And so - after the jump, the four designers whose style I actually and practically love. In the most irrelevant and consumeristic of ways. Hell yes!

I’ve always been more attracted to the darker, edgier, and less “feminine” (in the sense of like, florals and ruffles and anything marginally cutesy, not in the makeup-and-heels way, around which my existence basically revolves) collections; I probably dress like a tough bitch to overcompensate for the fact that I’m actually at heart this uber-shy people-pleasing sweetheart of an anxious little mouse.  (Okay, with a big mouth.)  Black/grey/white and muted earth tones are the only colours I can pull off thanks to my skin and hair — so what’s a girl to do when I’m bored to tears of the things I’ve coveted for the past two years and peed myself with excitement when they started coming back in vogue a few years ago?
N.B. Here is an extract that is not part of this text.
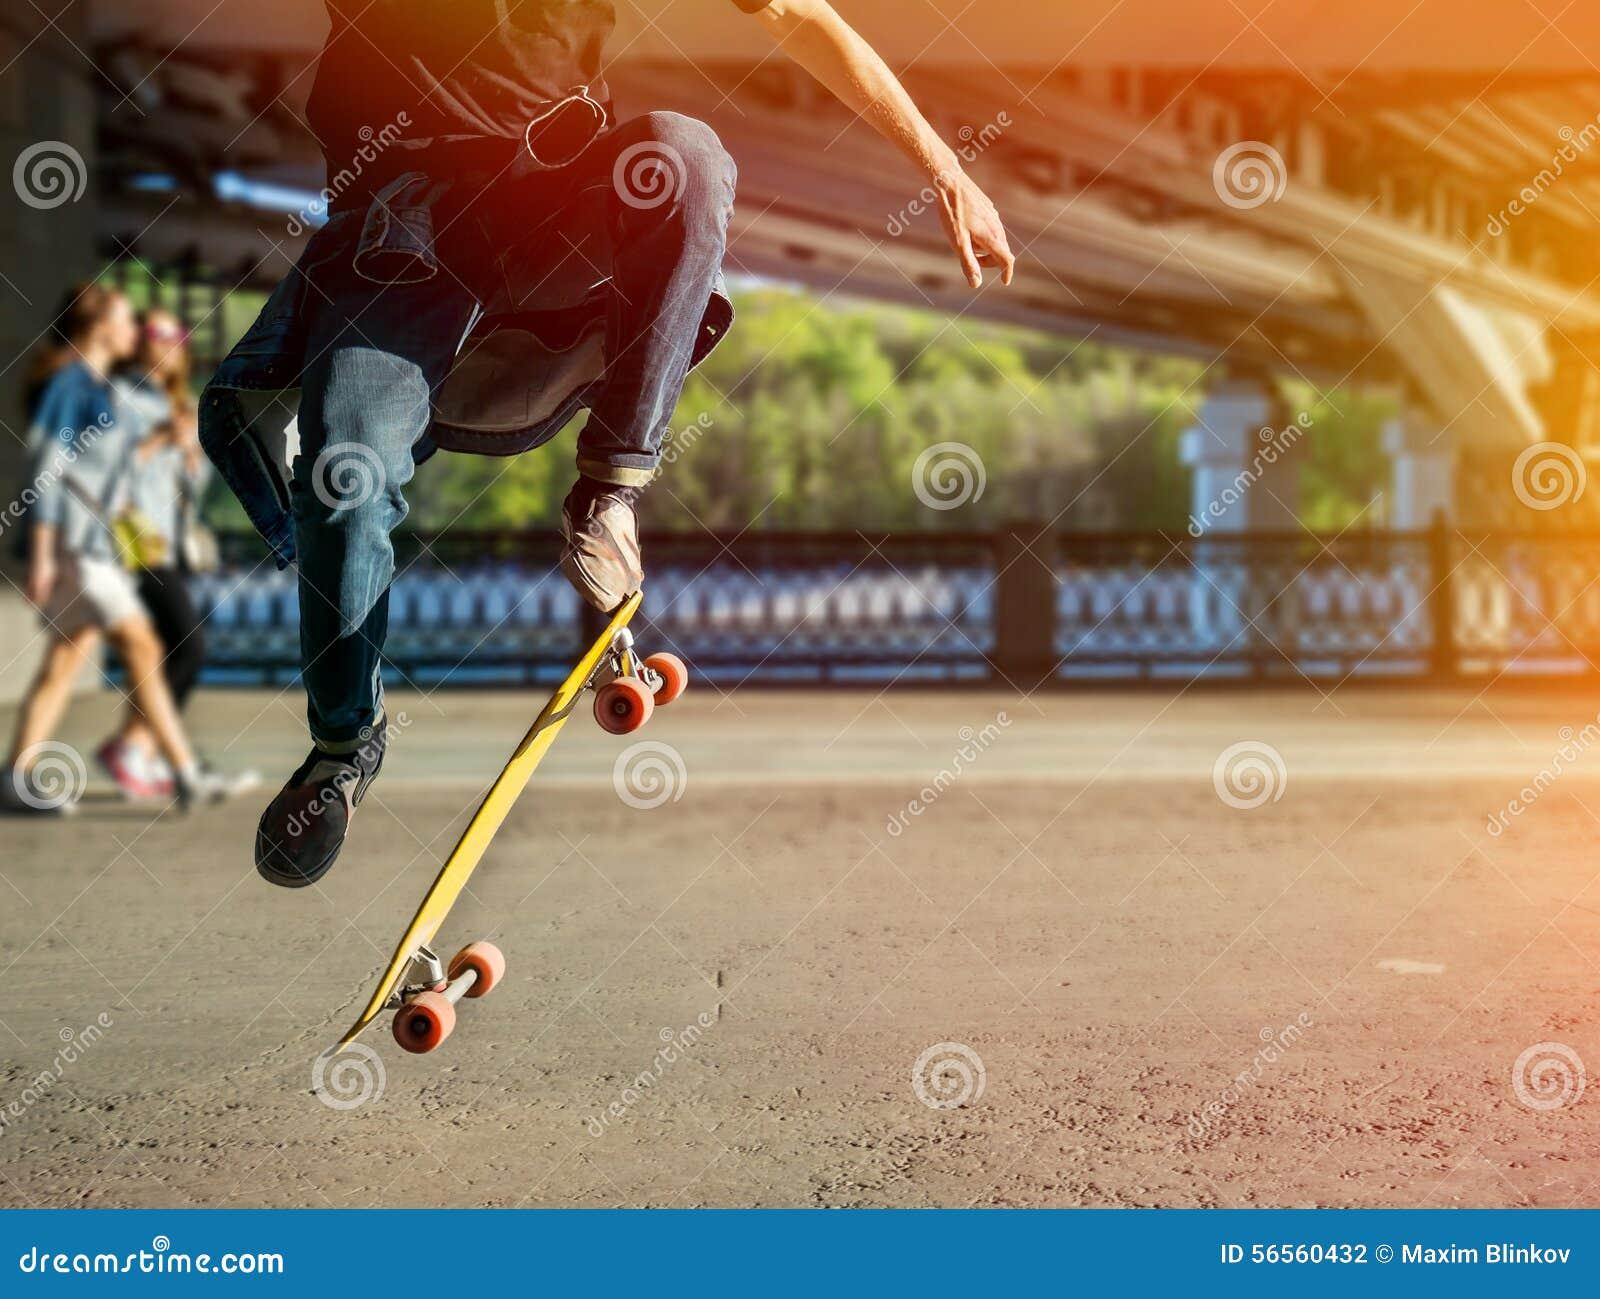 Download Σκιαγραφία Skateboarder που πηδά στην πόλη Στοκ Εικόνες - εικόνα από γρήγορα, ακτινίου: 56560432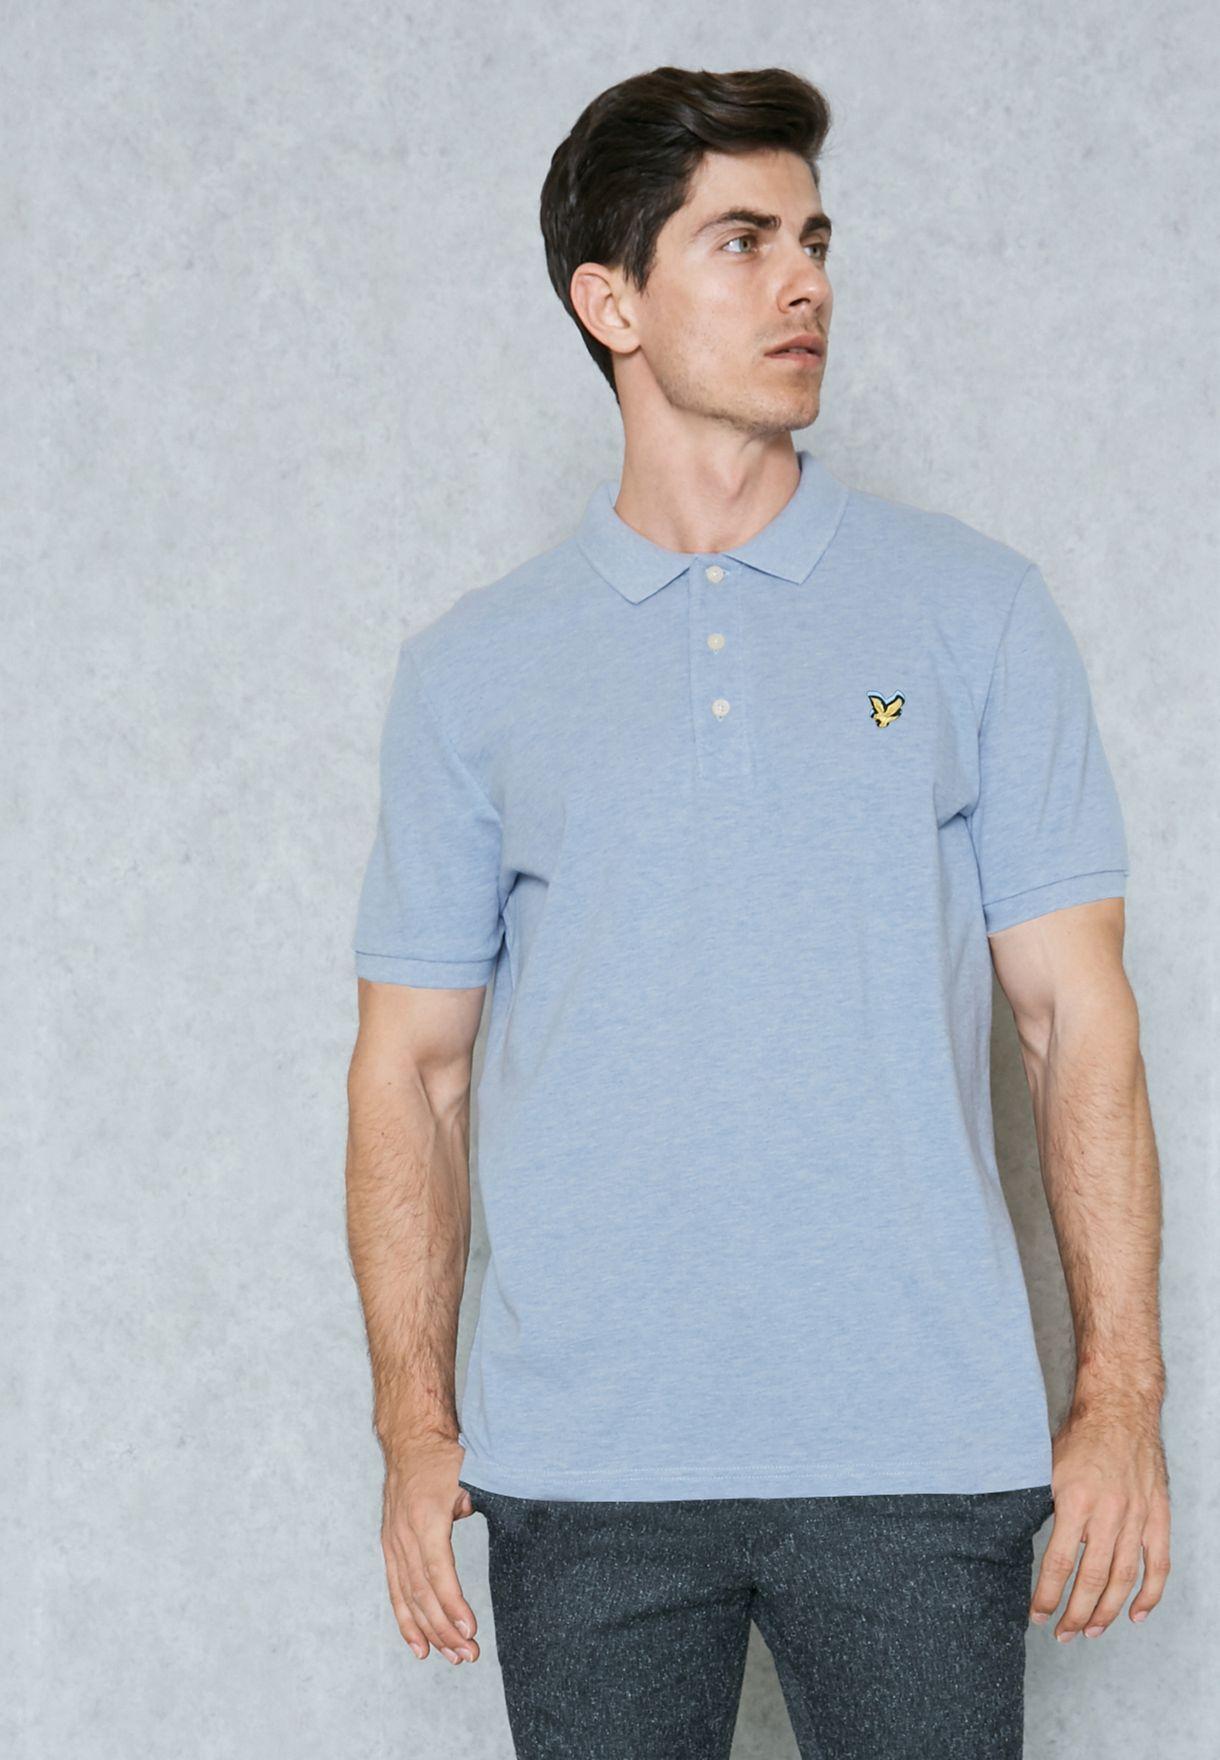 e1e0e195a Shop Lyle Scott blue Polo Shirt SP400VM for Men in Globally ...

Depressing truth is, for the most part, I (sort of unintentionally, I swear, I’m not that cliche, am I?) that I dress more blatantly Balmain than anything else, and probably have for at least the past five years.  Days, in general, consist of skinny jeans or uber-short-shorts, ratty shirts, and leather jackets or blazers, and either serious clunky boots or heels, and nights consist entirely of strong-shouldered bodycon black impossibly short dresses with shredded tights and again, boots or heels.  That safety-pinned American flag denim jacket from this season? Yes, a thousand times yes.  Dressing like this has looked cool for about fifty years now, and I am more than okay with continuing that.  Is tight black jeans or cutoffs, a white tee, a leather jacket, pumps/ankle boots, and Ray Bans (the practical version of all Balmain, basically) ever NOT going to work? That’s what I thought.

Burberry.  I hate myself for this one, because for some reason the whole khaki-plaid British prepster thing also seems at odds with my entire existence. But there are a few things I am unable to argue with: leather, good jackets, military details, shabby-girly dresses in earth tones paired with boots and said leather or military jackets, waist-belting, skinny jeans, killer heels, a good coat, a good scarf, things that are both excessively girly and excessively tough at the same time. Also, I wear Burberry Brit when I’m not wearing Dior Addict or one of Serge Lutens various I-don’t-know-what-this-is-but-I-sure-do-like-cinnamon-and-sandalwood perfumes. So. I CAN’T HELP IT, CHRISTOPHER BAILEY. I LOVE YOU. 

But kids, I’m in my mid-twenties. I’m an old lady.  I may still have a babyface and (hips aside) an unreasonably prepubescent 32-25-35 figure, but these things have lost their appropriateness for daily life and are resigned to days off and Friday nights, when everyone probably thinks I’m 18 anyhow.   WHAT DO I DO?!?!

Peter Copping’s new vision of Nina Ricci has sort of been a sleeper favourite of mine for the past few seasons, in strange ways — while most of that pink frilly nonsense makes me squirm with discomfort, the Victoriana-30’s-50’s glam, hourglass silhouettes, and the neutral palettes heavy on the black, grey, and muted tones appeal to me in the strangest of ways, and I love the just-slightly-off not-quite-done-right slightly-disheveled girlishness.  How great would those neutral little dresses, tailored skirts, and sheer ruffled blouses look toughed up with shredded tights and a pair of my sky-high wedge boots, or toned down with a beat-up moto jacket? These pieces paired with that Yohji-style makeup — pale bare face and deep almost-black lips — am I wrong about this? 

Helmut Lang, about which I have no other comments than it has looked good for fifteen goddamned years and I can actually afford some of this and it’s all gorgeous and this is my enthusiastic response to that awful “if you could wear only one designer for the rest of your life” question. There is nothing else to say.